Hice que mi yegua diera unos cuantos pasos al frente, lo suficiente como para impregnar mis fosas nasales con el indiscutible olor a melancolía. Ni los vendavales más flojos se atenían al valle del palacio, todo ahora estaba yermo.
Quise desprenderme de la armadura metálica que me oprimía el cuerpo; pero no lo conseguí. Quizás era lo único que me mantenía aferrado a mi afligido lar.

Algo en el paisaje estaba apagado, luego de tantos años ya no se respiraba el mismo aire, el suave tallado del césped, ni sentía calor hogareño alguno. Tan frívolo y tan deprimente cual abismo más allá incluso de la muerte.

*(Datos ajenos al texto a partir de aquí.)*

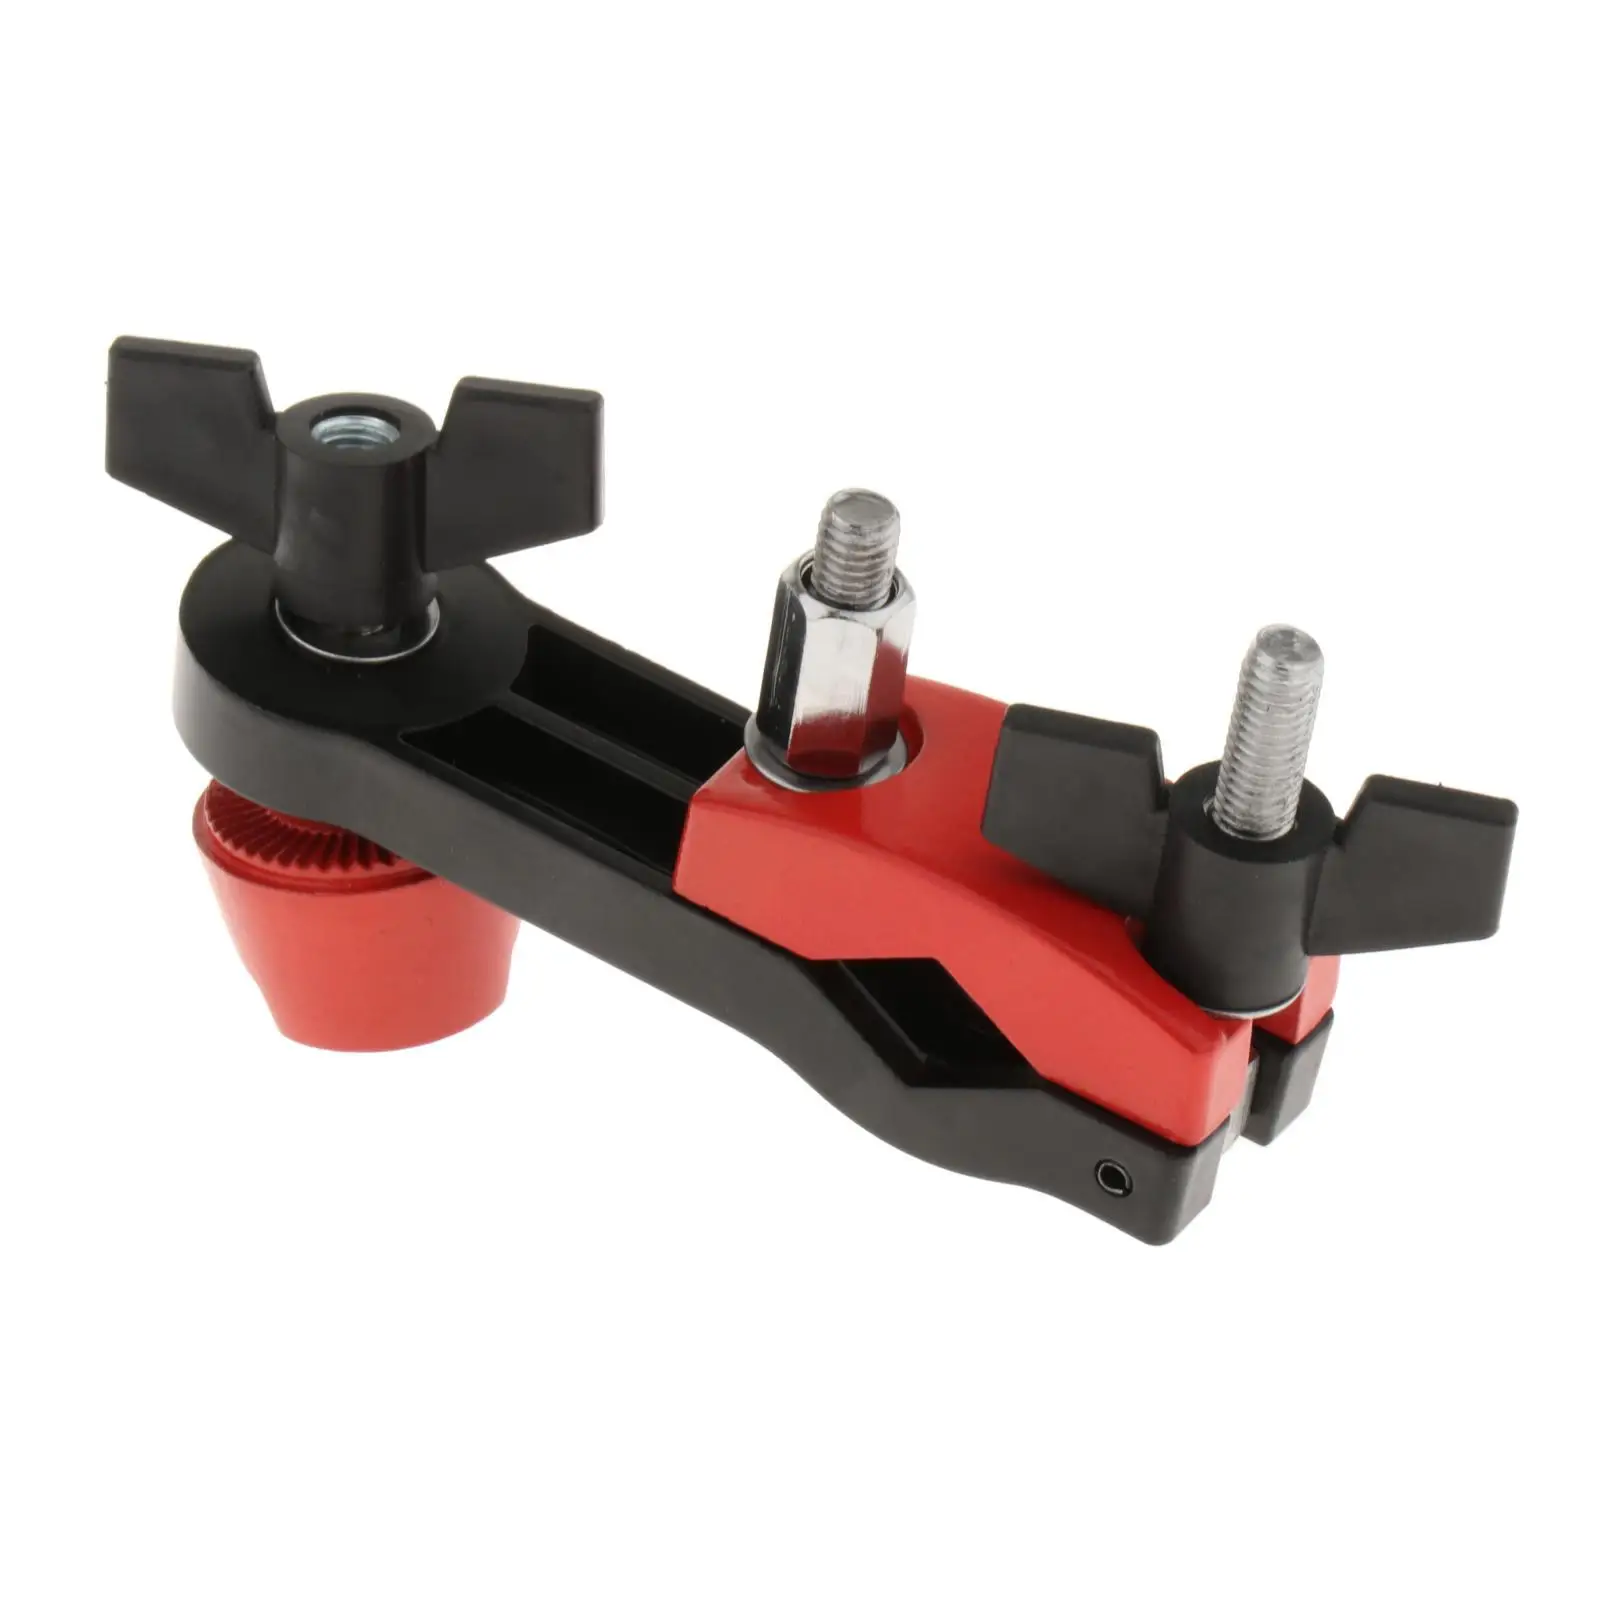 Drum Set Clamp Drum Connecting Clip Practice Tool Portable Cymbal Stand Mount Holder Drum Multi Clamp Drum Cymbal Arm Bracket

Aún permanecía en pie el gran arco de piedra en medio del mural, aunque no con su misma esencia.

El presepio sin caballos;
ya sin heno abundante.
El pozo empedrado;
sin una gota de agua en
su mísero estanque.
Las ventanas del palacio;
ahora no tenían el mismo
brillo deslumbrante.
¿Por qué lo sentía todo
tan muerto y distante?

En todos mis años de servidumbre a los nobles mi corazón había quedado de su lado, mi propia alma me había traicionado. Y ahora al ver tal paisaje desolado, el apocamiento en mí crecía a rasgos muy internos.

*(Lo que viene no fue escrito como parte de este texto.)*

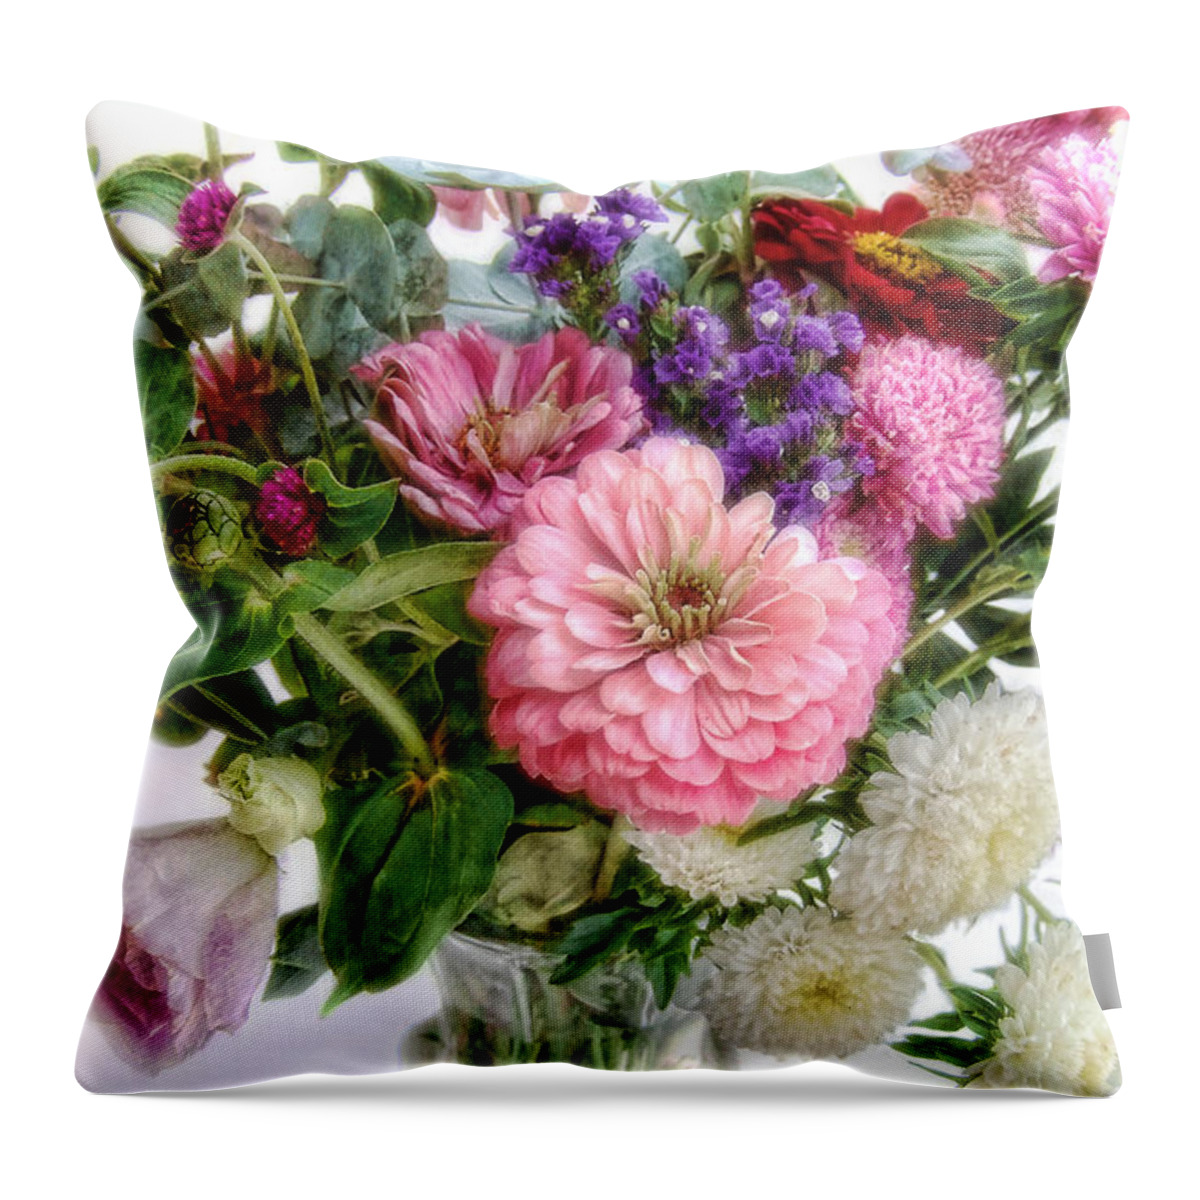 Flowers Throw Pillow featuring the photograph Summer Bouquet by Louise Kumpf

¿Habría sido obra de alguna peste?, ¿o quizás alguna guerra? Mi dulce familia, mi dulce palacio. ¿Por que os habéis apartado de mí en tan efímera ocasión?

Puse ambos pies en el trozo de empedrado seco y mohoso, obra propia de la curiosidad por cómo se sentía al tacto. Vacío. Justo cómo había de esperarlo. Trastabillé por unas cuantas horas en medio del yermo paisaje, más no acudió a mí la necesidad de librarme del armamento metálico.
Cuando lo hizo, finalmente, y se asomó mi mano esquelética a través del mundano guante, supe con firmeza que mi alma estaba muerta en lugar del propio paisaje.